# Leuven Frans?



## HKK

Dag allen
zoals mijn locatie-indicator op subtiele wijze aangeeft ben ik ondertussen zeven maanden in Toronto, Canada. Behalve mijn familie en vrienden in Leuven mis ik ook mijn eigen taal: in al die tijd heb ik in Canada met dire Nederlanders gesproken, en geen enkele Vlaming (of Waal, for that matter). Zoals jullie weten is de eerste vraag voor de spreker van een exotische taal: "Zeg eens iets"! Waarop ik een gedicht uit de middelbare school voordraag.

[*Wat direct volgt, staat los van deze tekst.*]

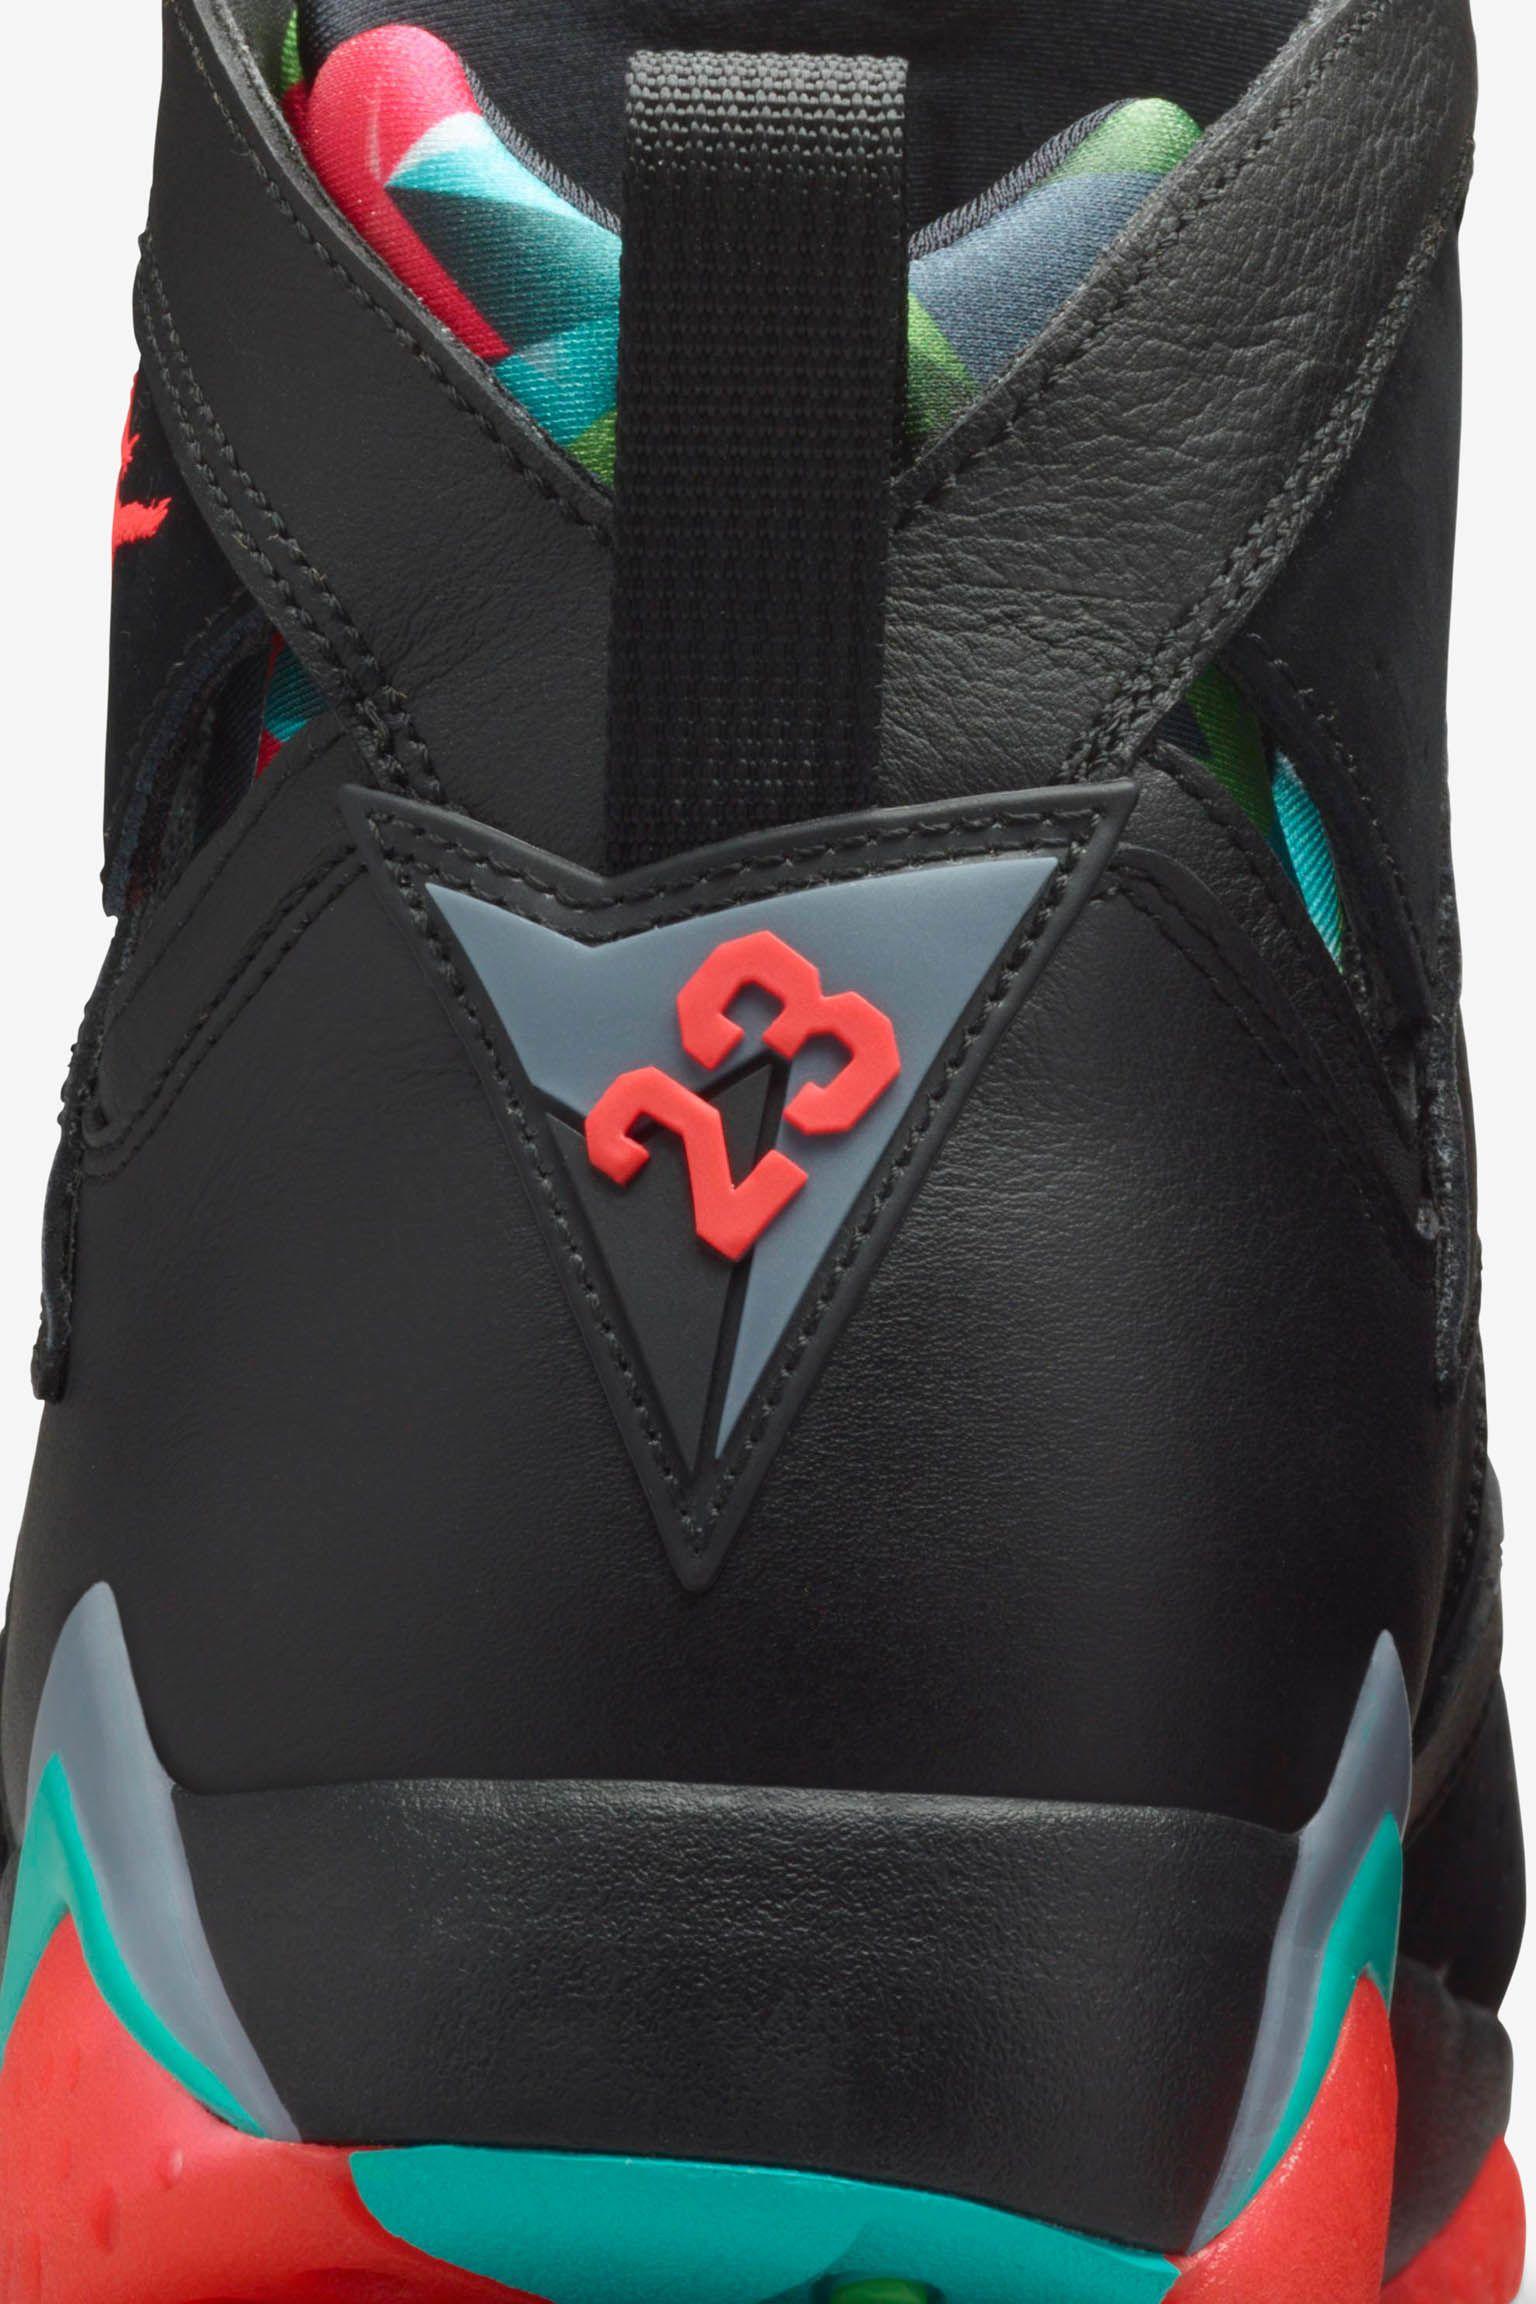 Air Jordan 7 Retro 'Still Dreaming' Release Date

Het punt is dat de commentaar op hoe mijn Nederlands klinkt nogal verrassend is: volgens de Canadezen klinkt het niet zoals Engels, Duits of Scandinavisch maar als Frans! Merk op dat Ontarianen niet volledig in het duister tasten wat betreft Frans, ze leren het in de middelbare school (meestal met zeer middelmatige gevolgen, maar soit).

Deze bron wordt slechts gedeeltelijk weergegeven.